Excerpts from a dataset:
▬▬▬▬▬▬▬▬▬▬

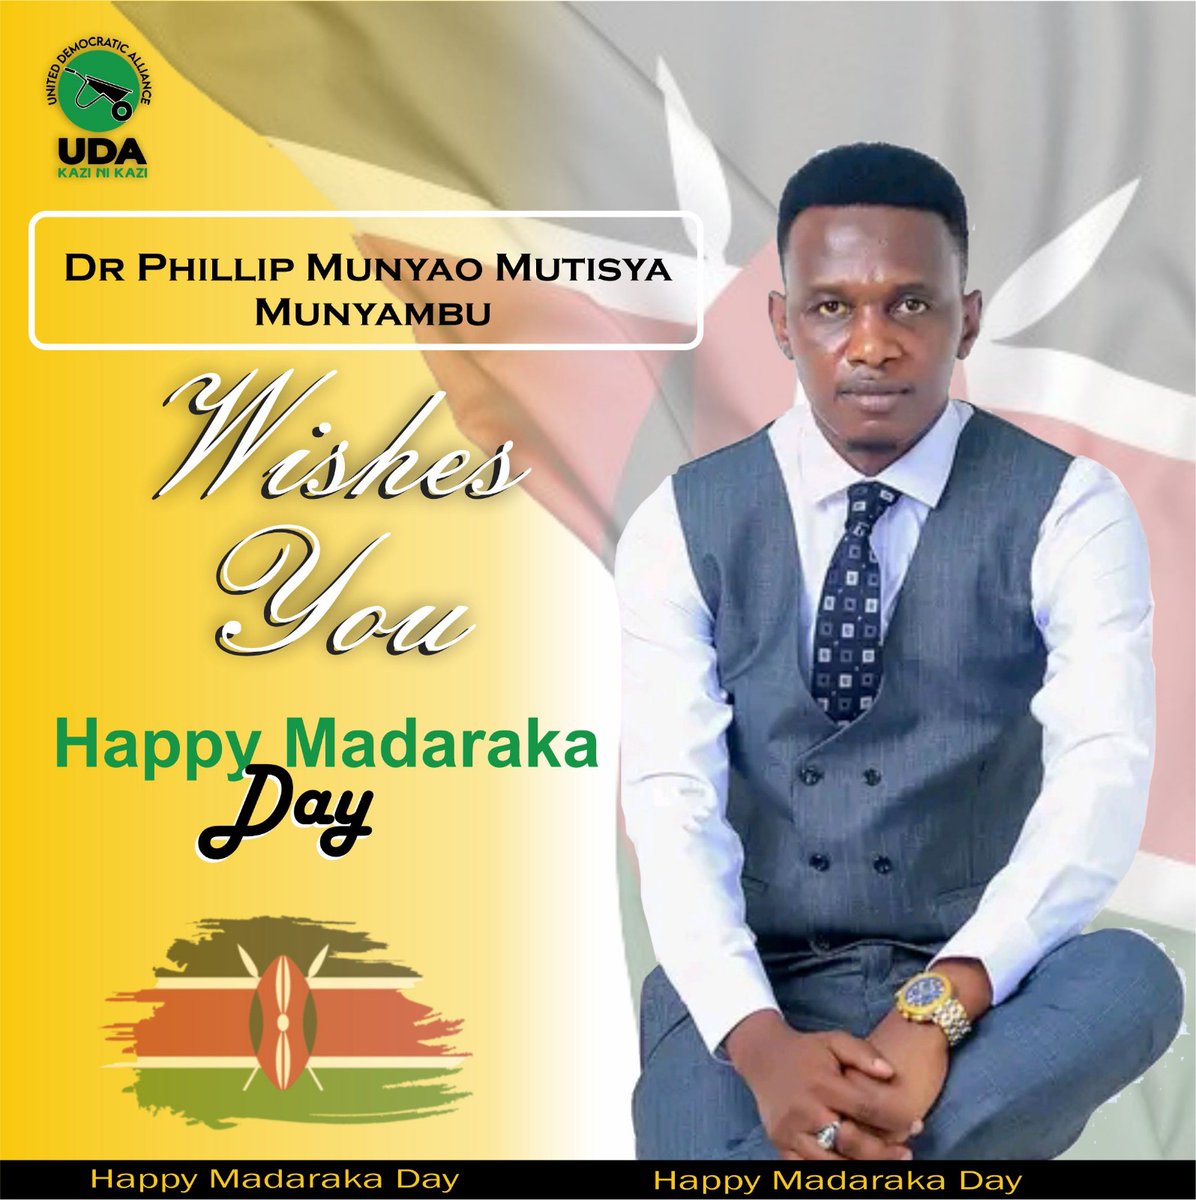 This will always be our country, our nation, our land, the territory that is our home and well charity begins at home as we honour those who gave their whole for this country. 

I take this opportunity to wish all Kenyans a #HappyMadarakaDay centered around Micro, Small and…
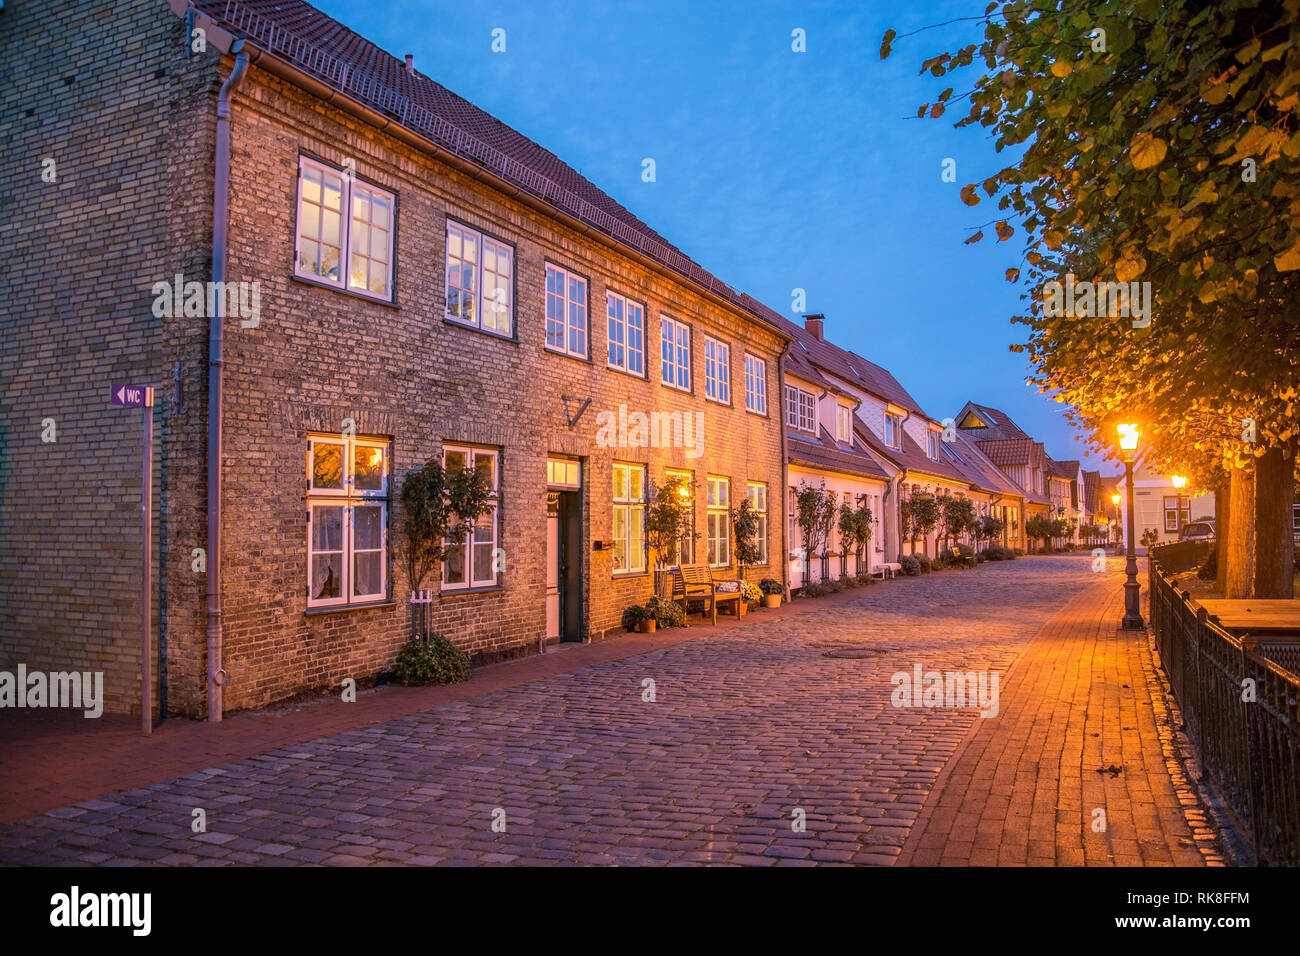 The Holm is a fishermans quarter in Sleswick, Schleswig-Holstein, Germany. Stock Photo
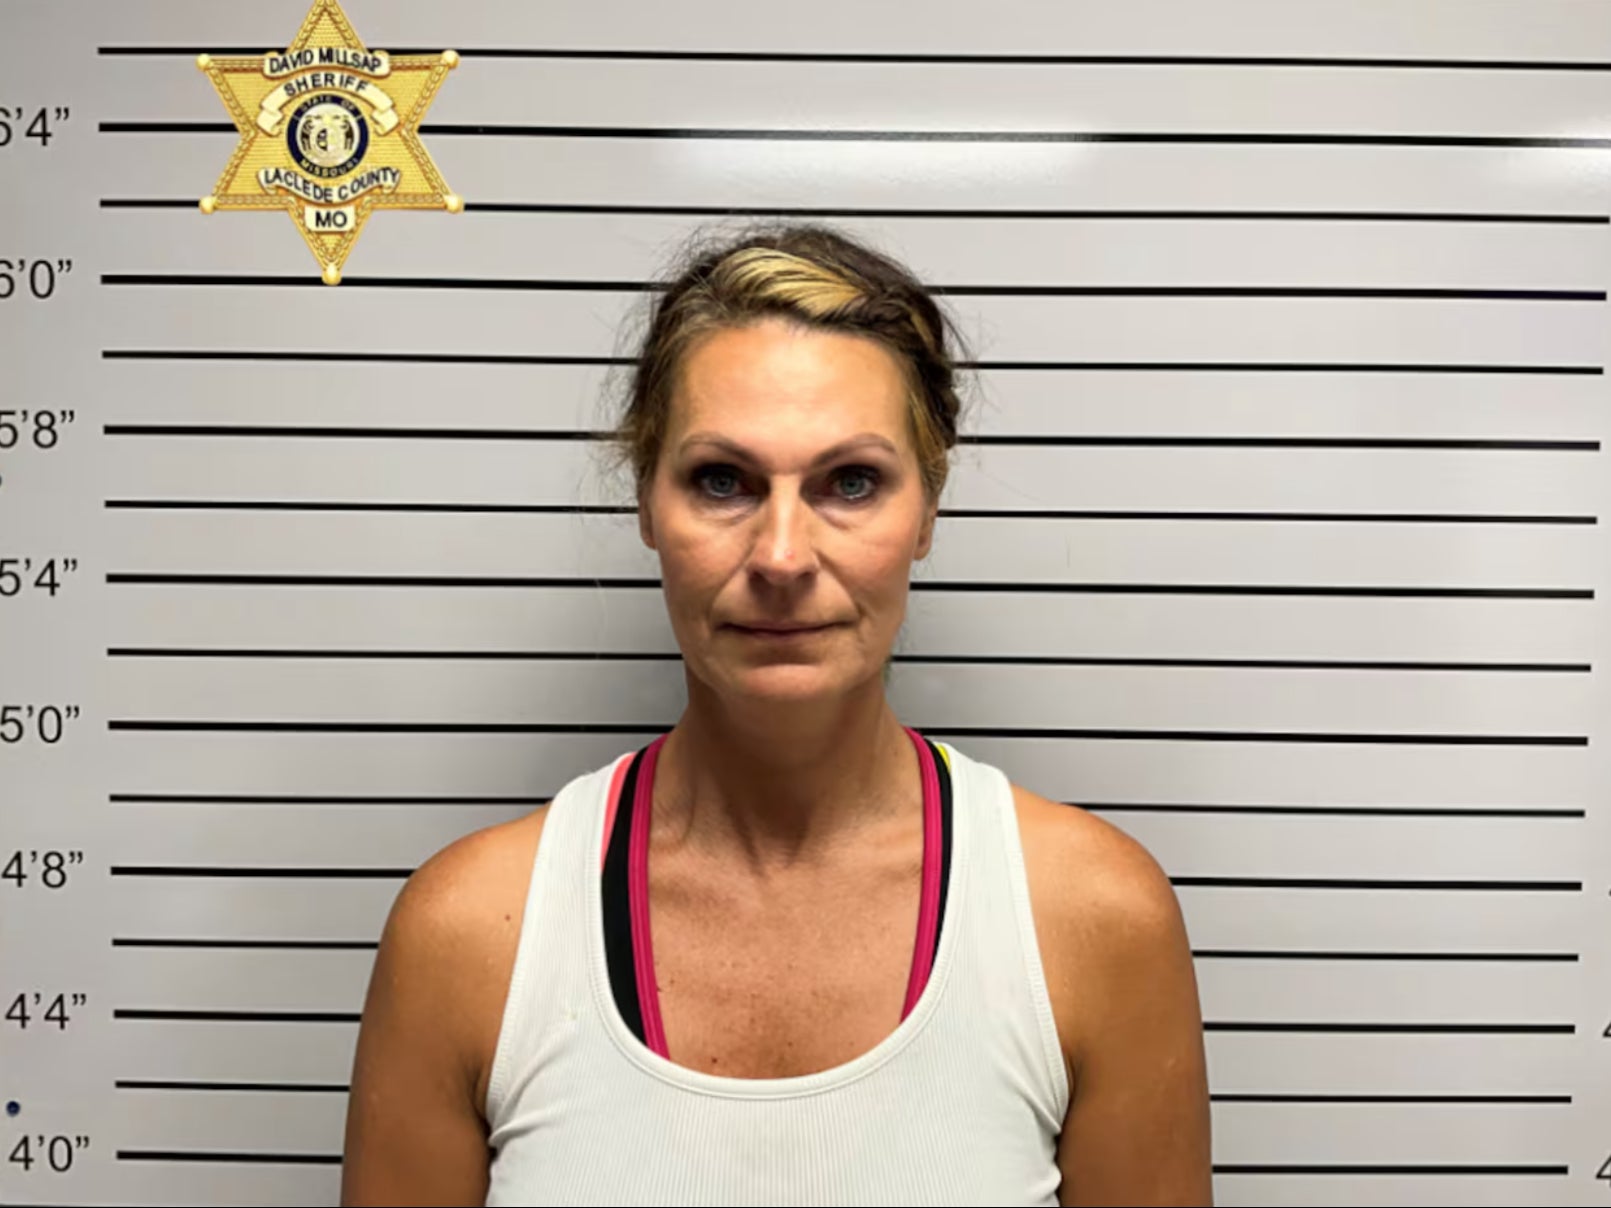 Michelle Y Peters, 47, has been charged with first-degree domestic assault and armed criminal action for allegedly poisoning her husband by mixing Roundup and insecticides with his Mountain Dew sodas
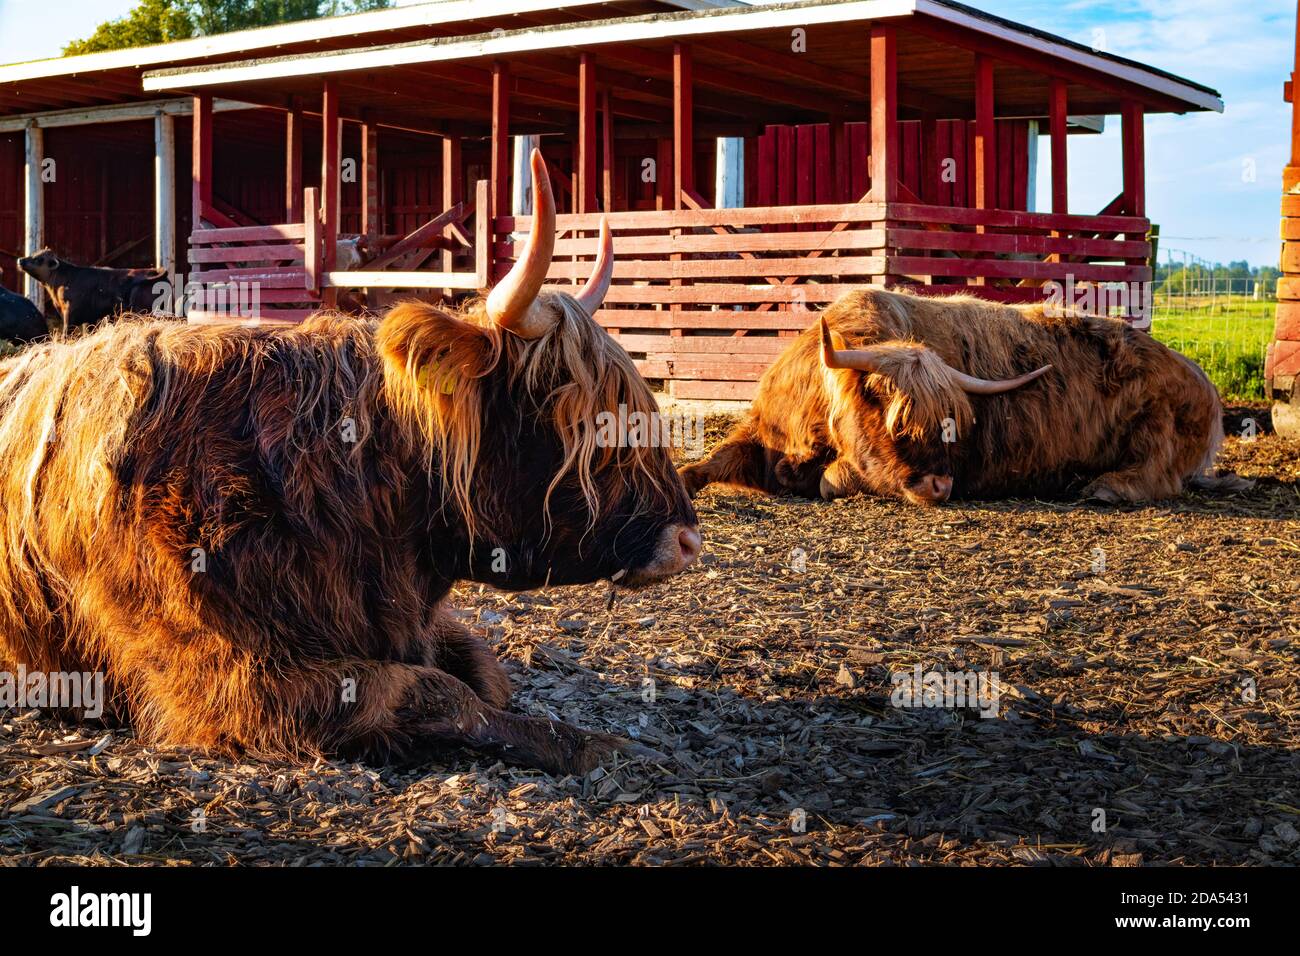 Highland Cattle Farm. Brown bulls in the morning sun light. Agriculture, farming. Red building. Cattle breed. Organic food concept. Red barns. Stock Photo

▬▬▬▬▬▬▬▬▬▬

### Work order
Transcription of the lines from the one with "The Holm is" through the end of the entries is required, exact and with no pictures.

### Exercise solution
 The Holm is a fishermans quarter in Sleswick, Schleswig-Holstein, Germany. Stock Photo
 Michelle Y Peters, 47, has been charged with first-degree domestic assault and armed criminal action for allegedly poisoning her husband by mixing Roundup and insecticides with his Mountain Dew sodas
 Highland Cattle Farm. Brown bulls in the morning sun light. Agriculture, farming. Red building. Cattle breed. Organic food concept. Red barns. Stock Photo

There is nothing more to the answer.